Leave out the pictures, and copy exactly the lines from the line with "A skillet with" through the last line of the data below.

(Dataset items)
---+---
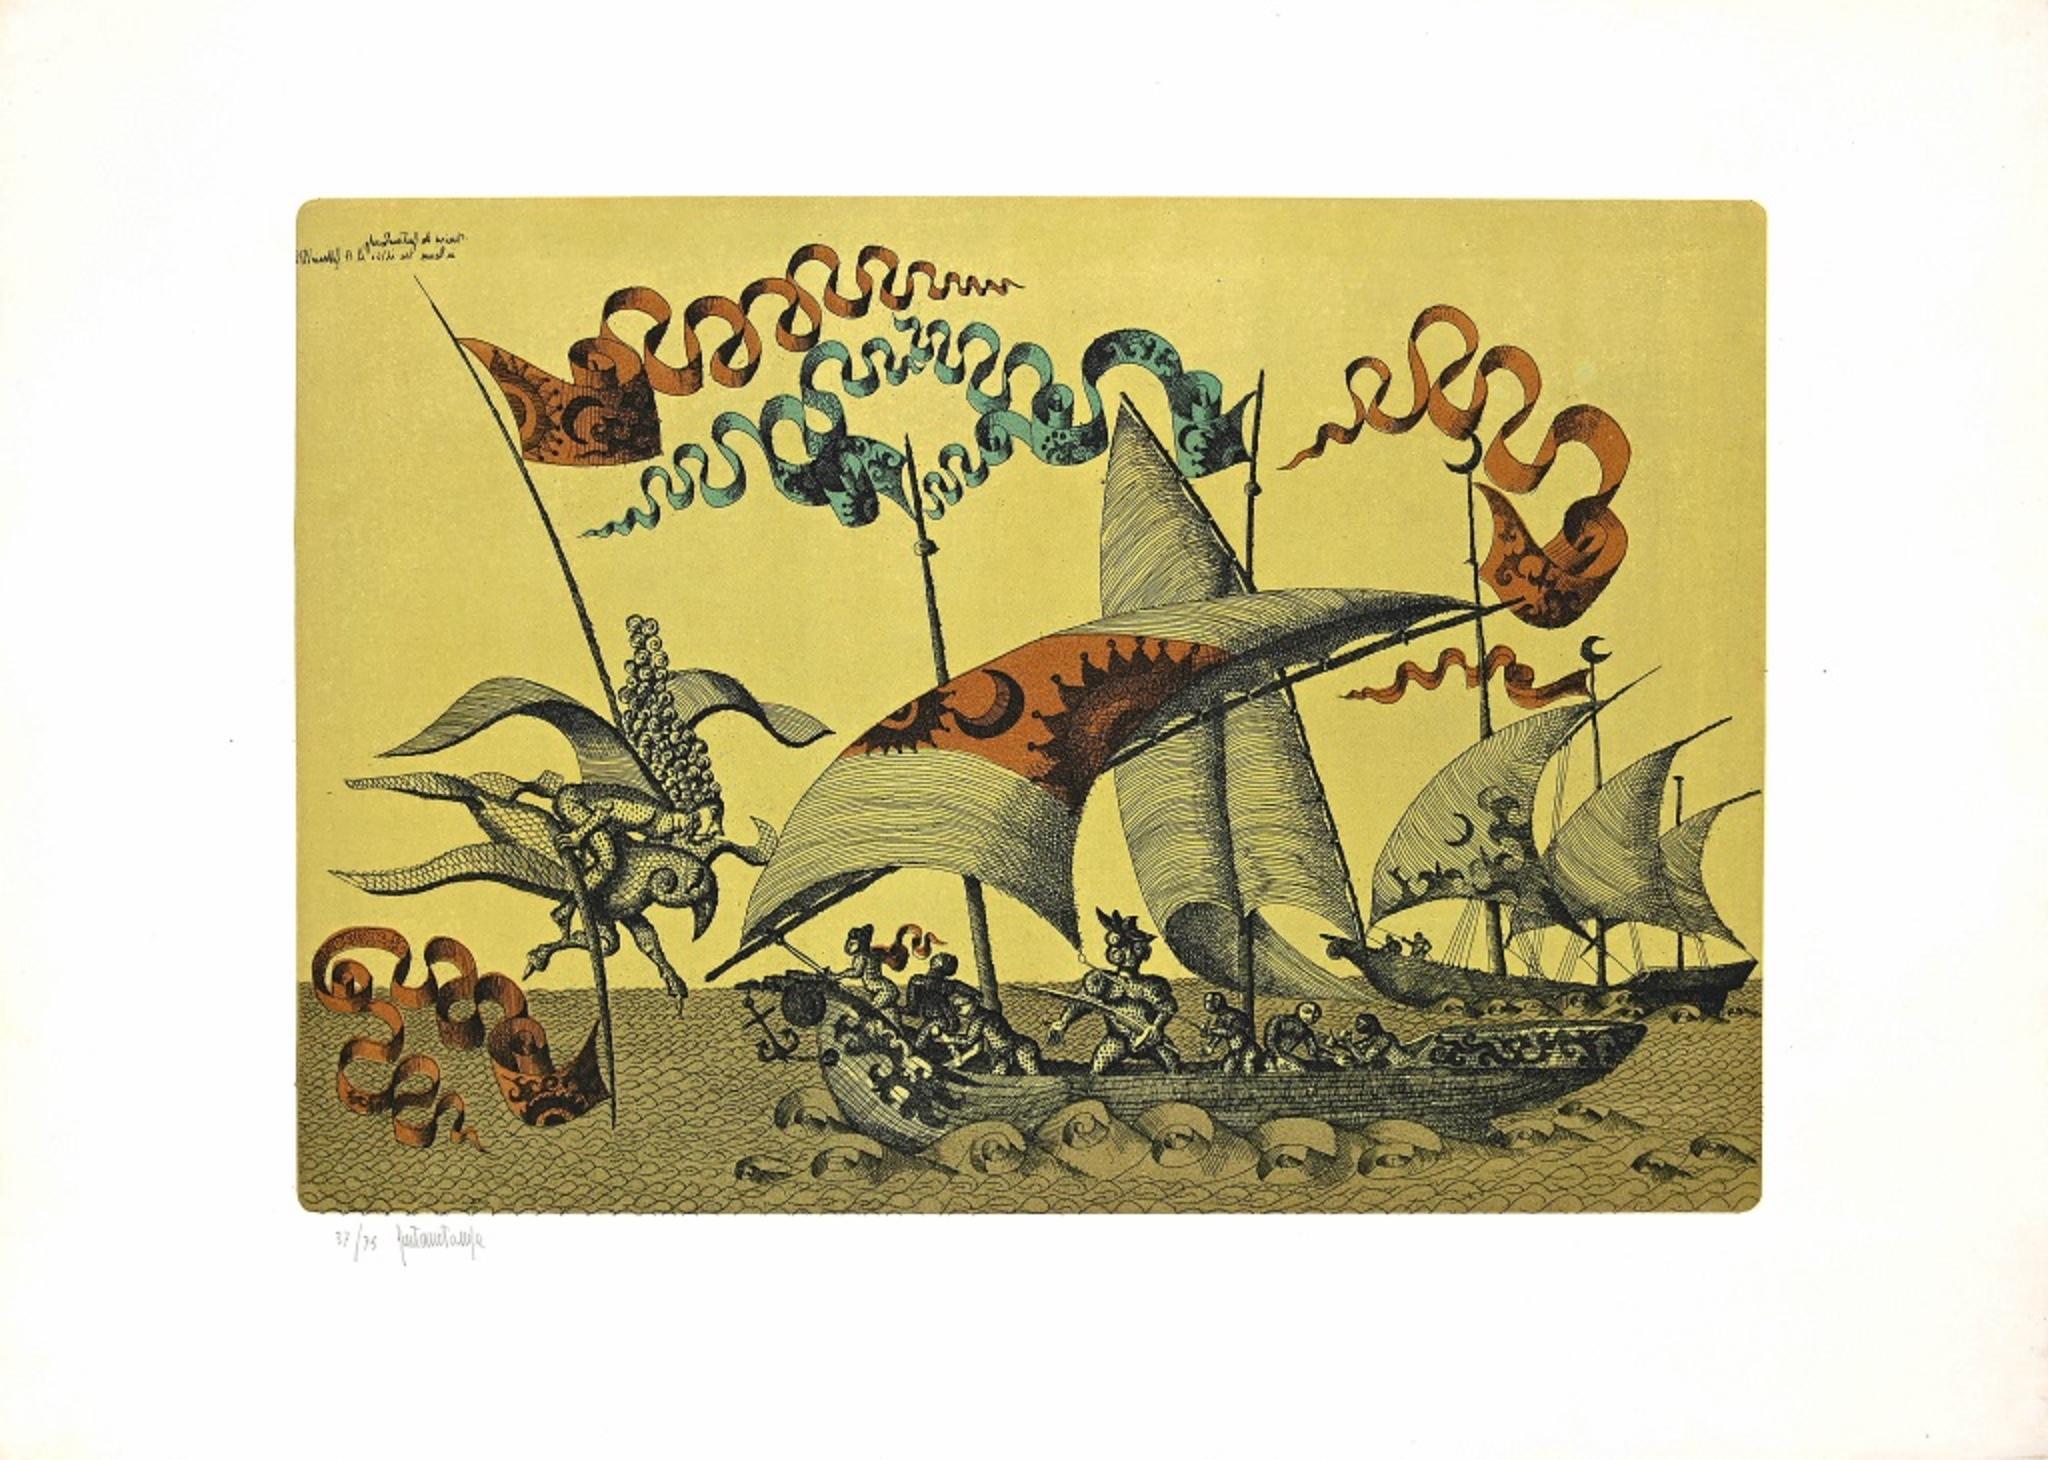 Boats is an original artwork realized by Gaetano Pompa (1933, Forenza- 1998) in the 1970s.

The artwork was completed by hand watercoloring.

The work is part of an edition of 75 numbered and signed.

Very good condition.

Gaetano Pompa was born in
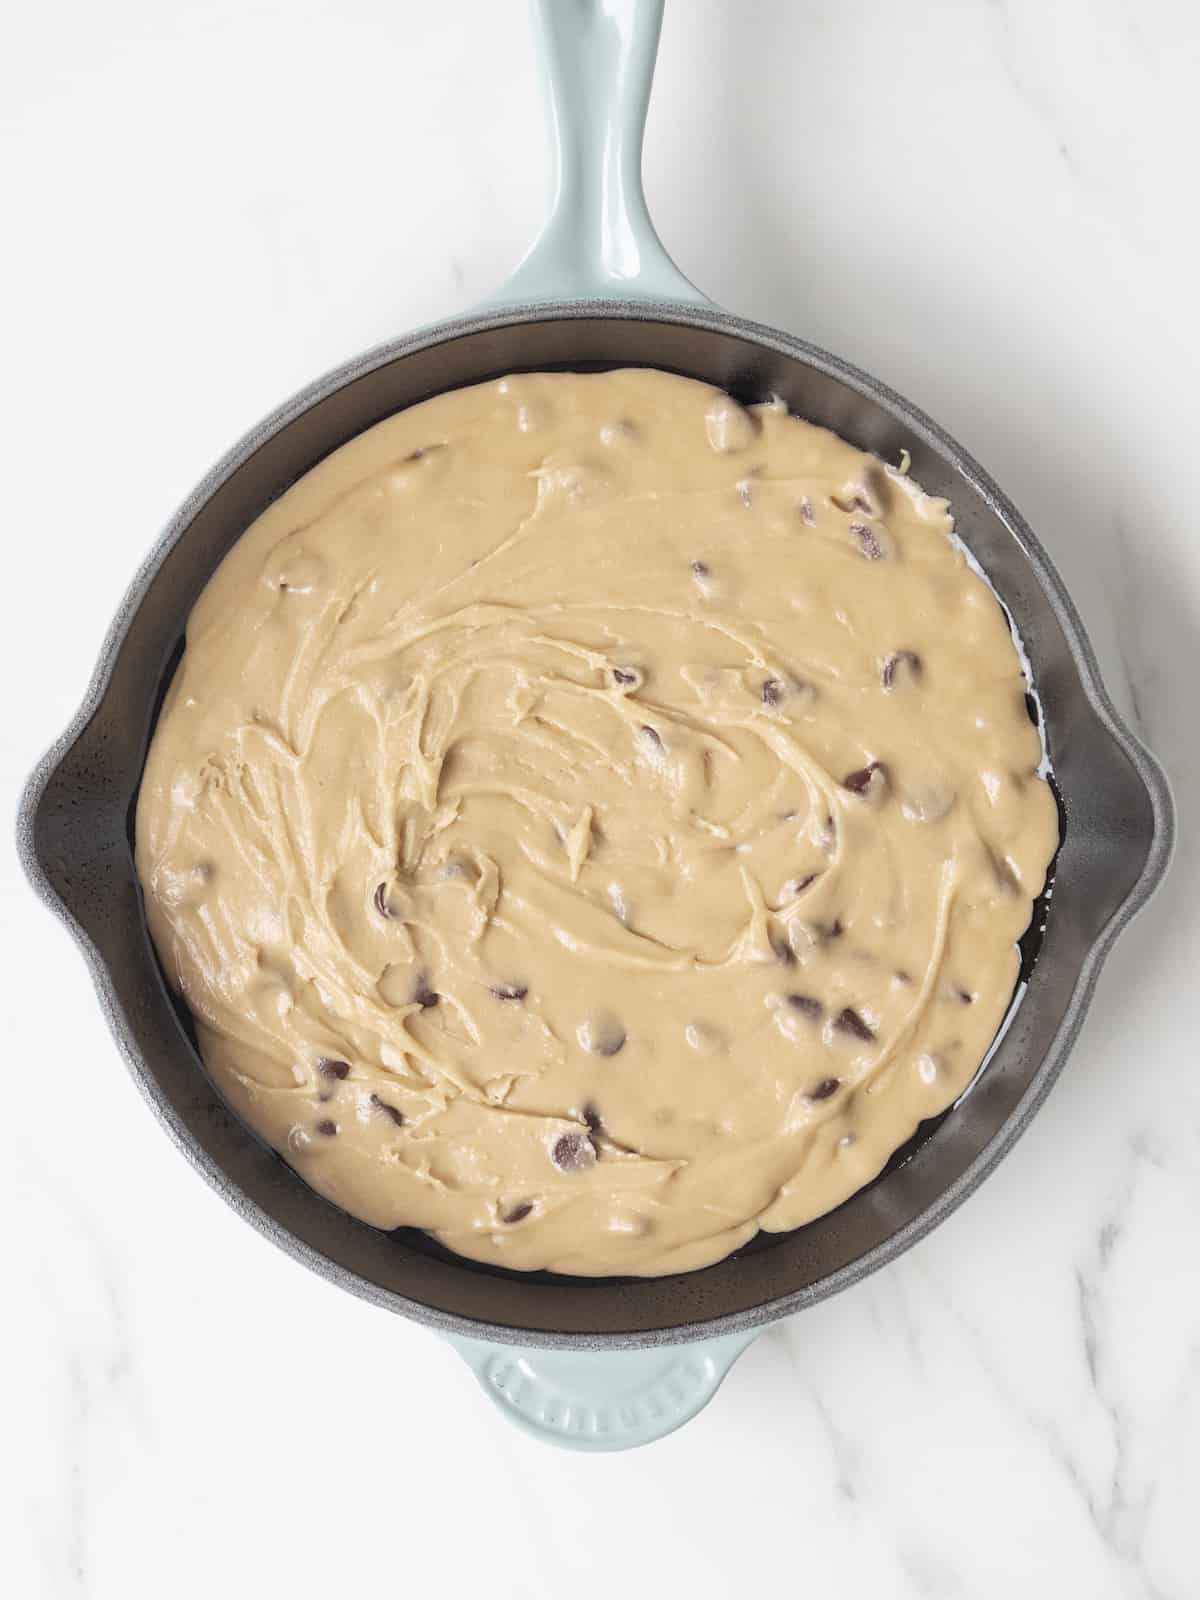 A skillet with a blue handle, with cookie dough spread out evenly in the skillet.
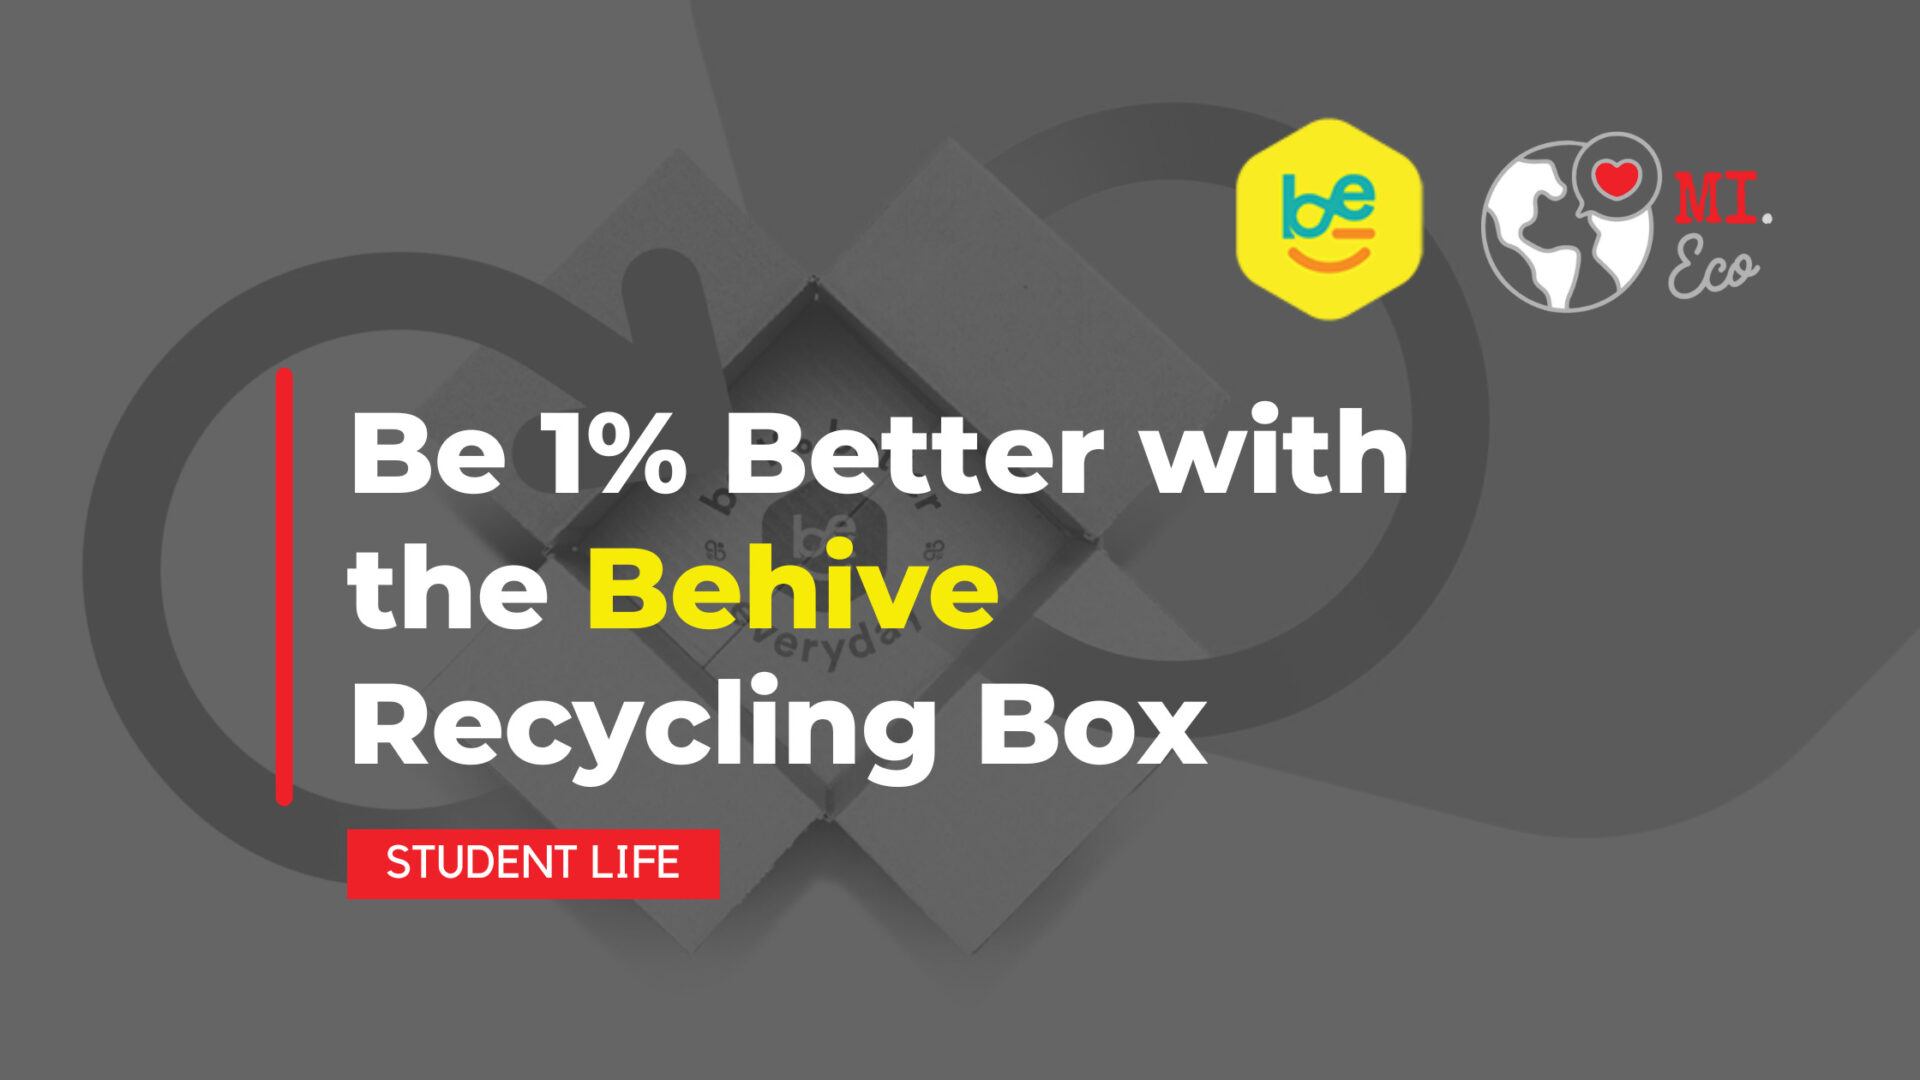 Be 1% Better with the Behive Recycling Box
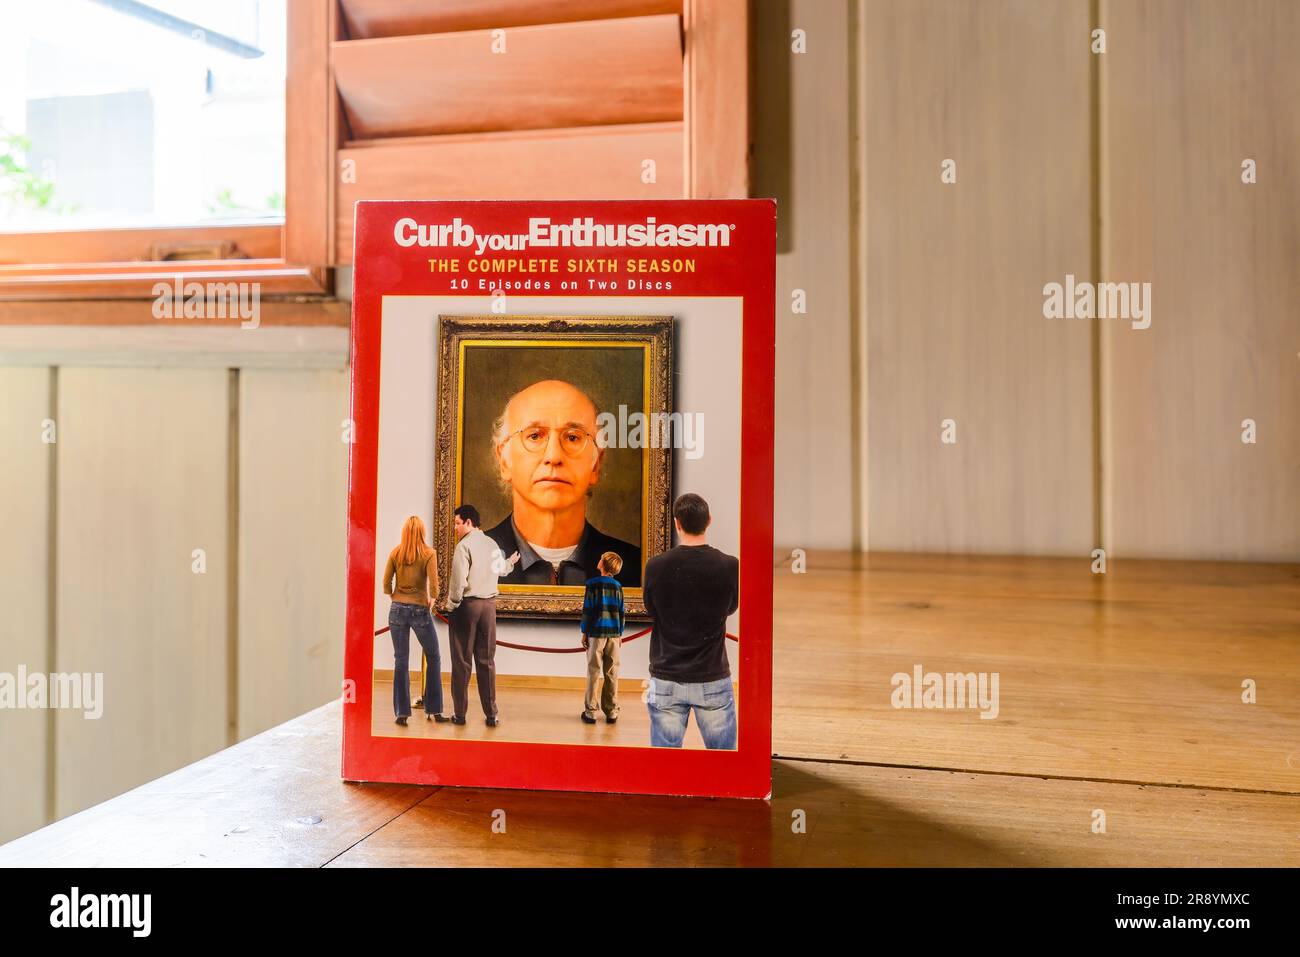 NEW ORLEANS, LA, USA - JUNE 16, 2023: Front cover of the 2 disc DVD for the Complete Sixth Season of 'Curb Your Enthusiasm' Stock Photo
---+---
ANSWER SECTION:
 A skillet with a blue handle, with cookie dough spread out evenly in the skillet.
 Be 1% Better with the Behive Recycling Box
 NEW ORLEANS, LA, USA - JUNE 16, 2023: Front cover of the 2 disc DVD for the Complete Sixth Season of 'Curb Your Enthusiasm' Stock Photo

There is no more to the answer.